- [Input data]:
______
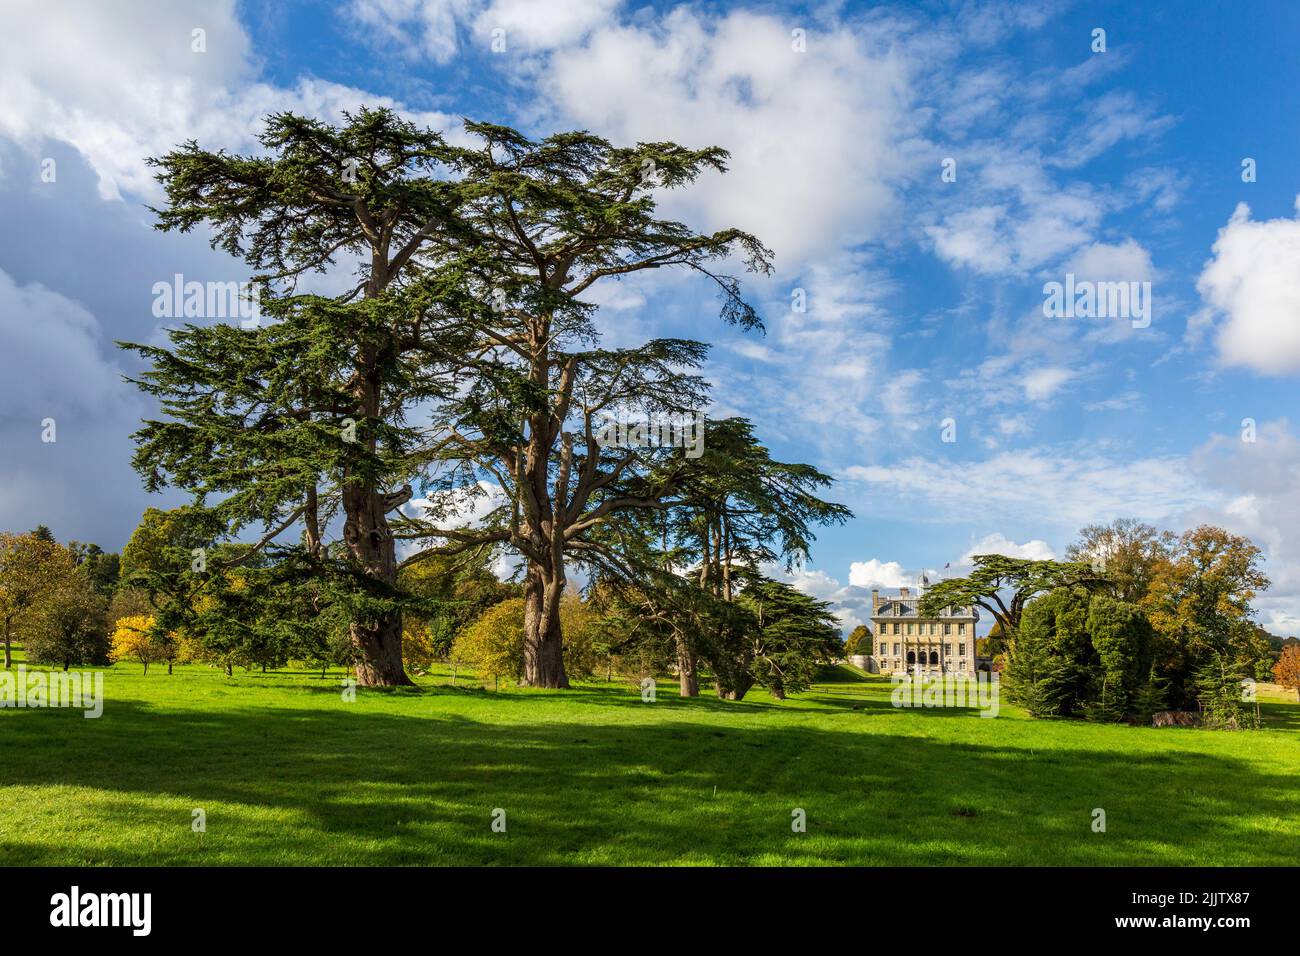 Cèdre libanais dans le parc de Kingston Lacy House, Dorset, Angleterre Banque D'Images
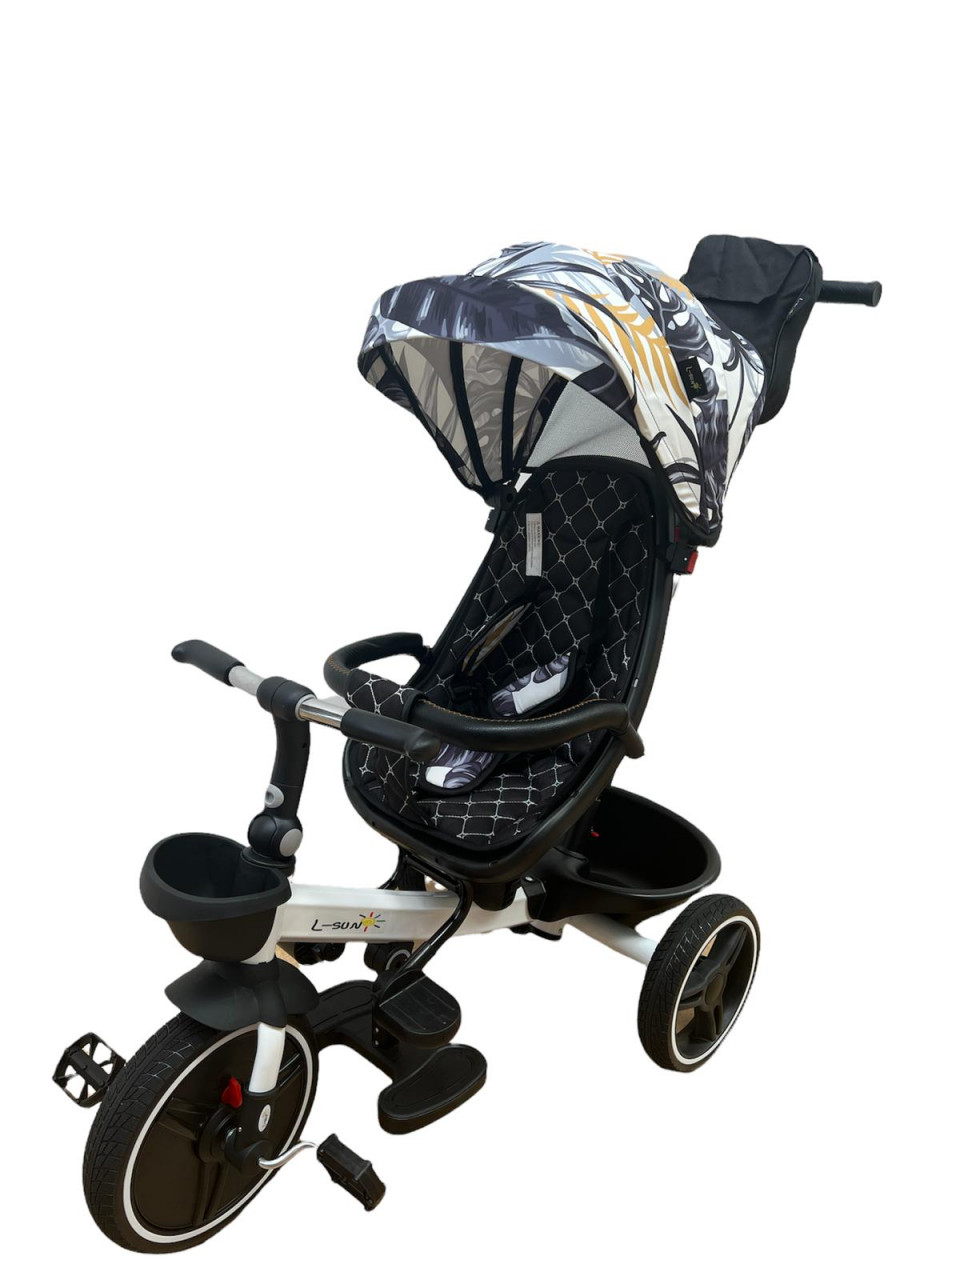 scaun auto copii cu pozitie de somn Tricicleta pliabila cu scaun reversibil si pozitie de somn, Negru cu frunze, TMR-44-frunze
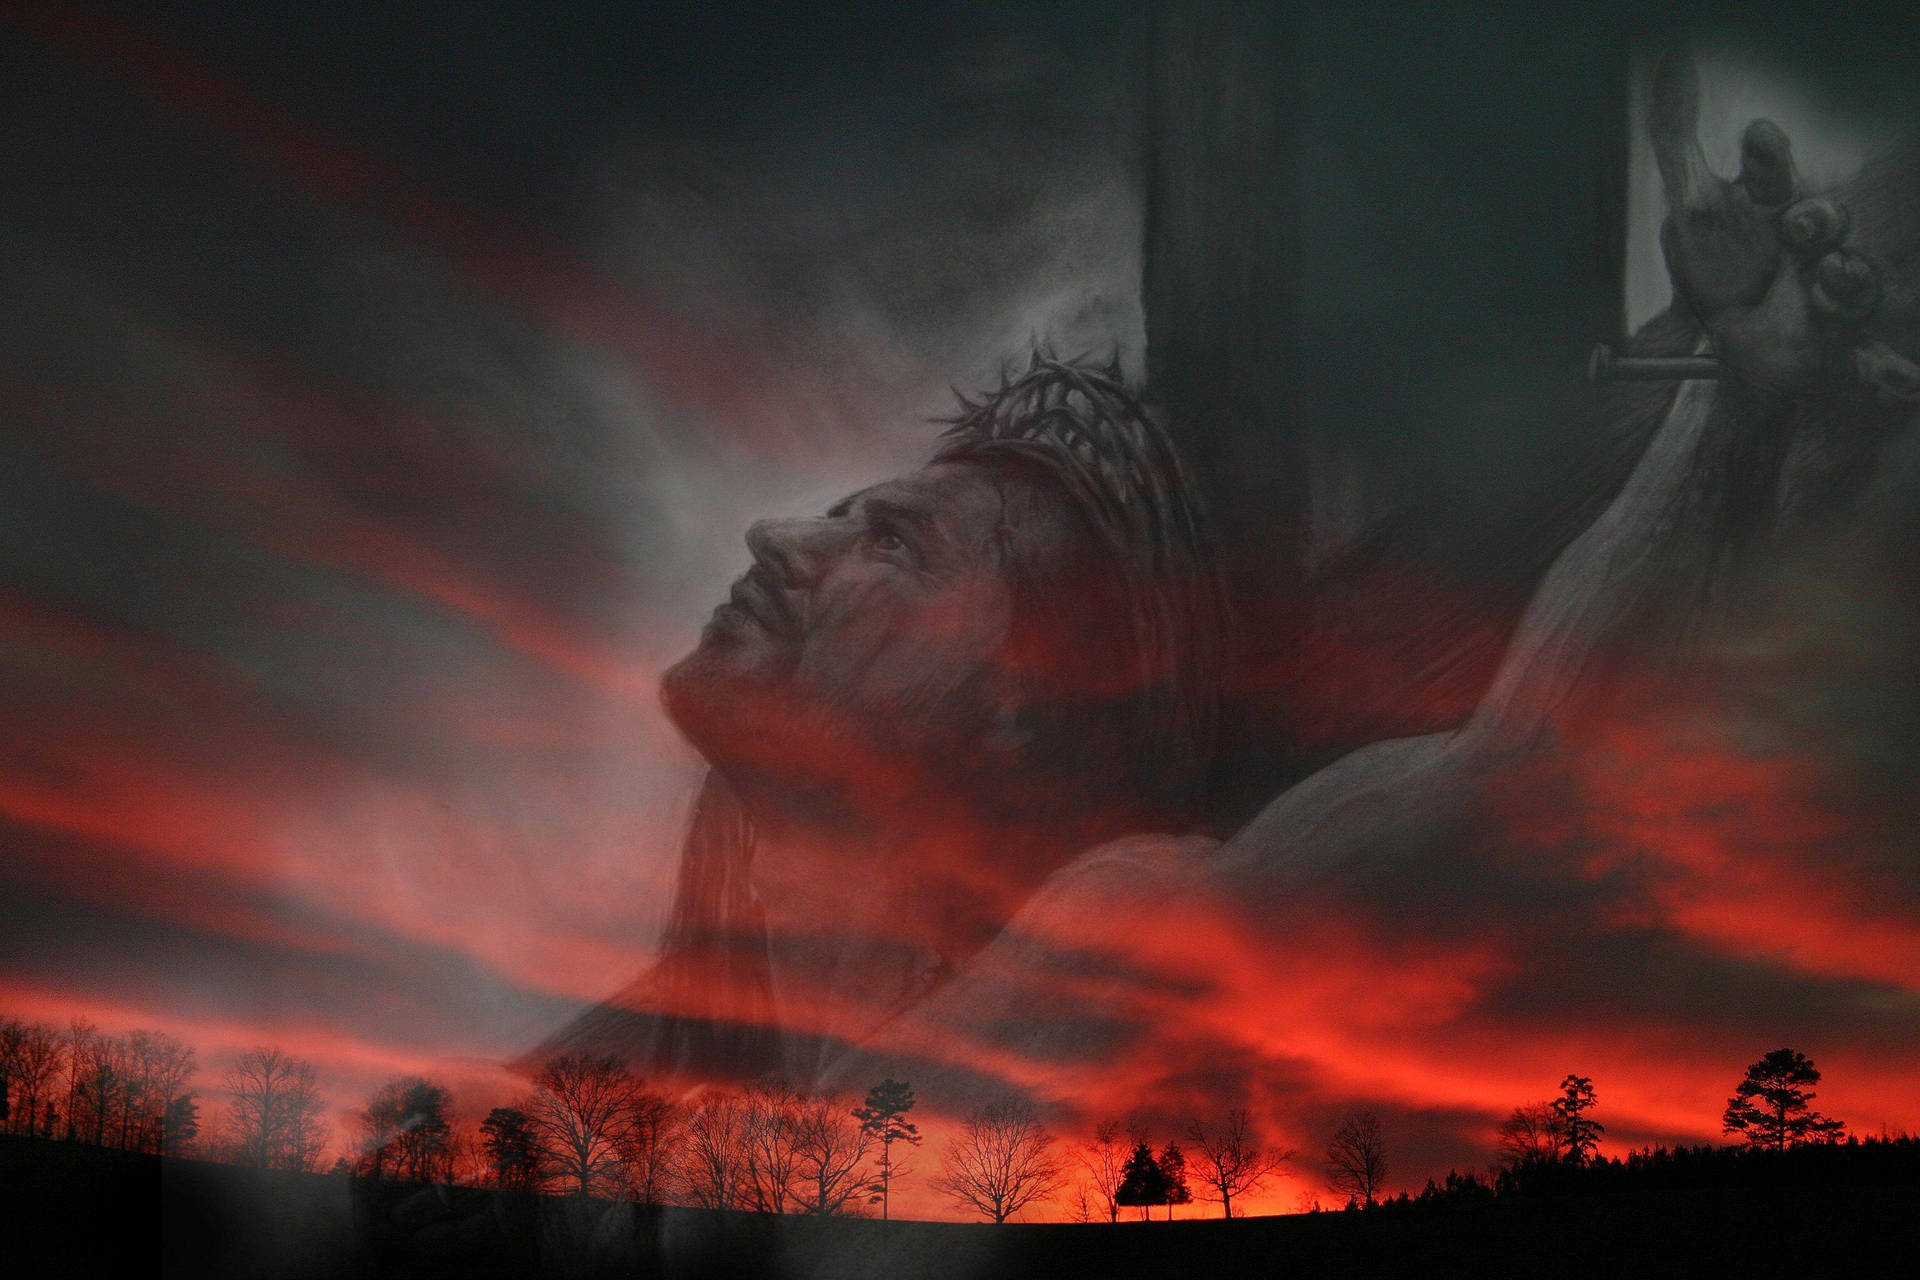 Jesus On Cross Over Landscape Artwork Background
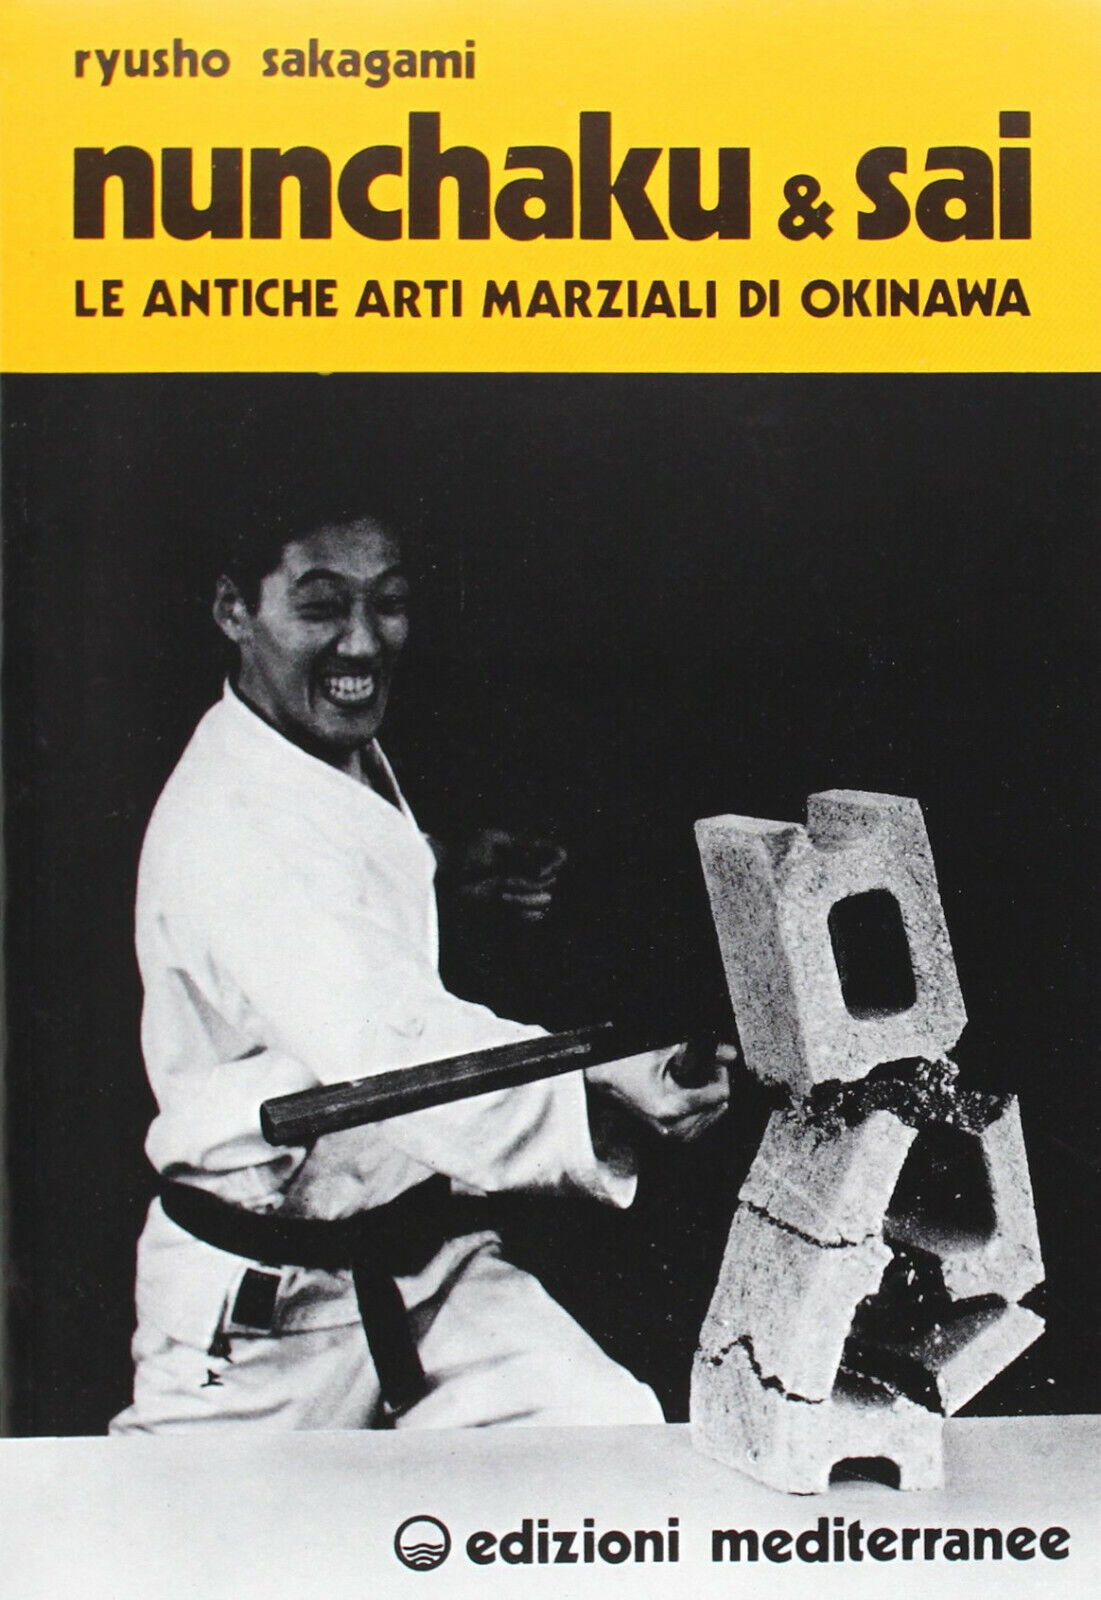 Nunchaku e sai - Ryusho Sakagami - Edizioni mediterranee, 1983
______
- [Required work]: If a picture appears in the data, omit it; transcribe all the rest exactly.

- [Your response]:
 Cèdre libanais dans le parc de Kingston Lacy House, Dorset, Angleterre Banque D'Images
 scaun auto copii cu pozitie de somn Tricicleta pliabila cu scaun reversibil si pozitie de somn, Negru cu frunze, TMR-44-frunze
 Jesus On Cross Over Landscape Artwork Background
 Nunchaku e sai - Ryusho Sakagami - Edizioni mediterranee, 1983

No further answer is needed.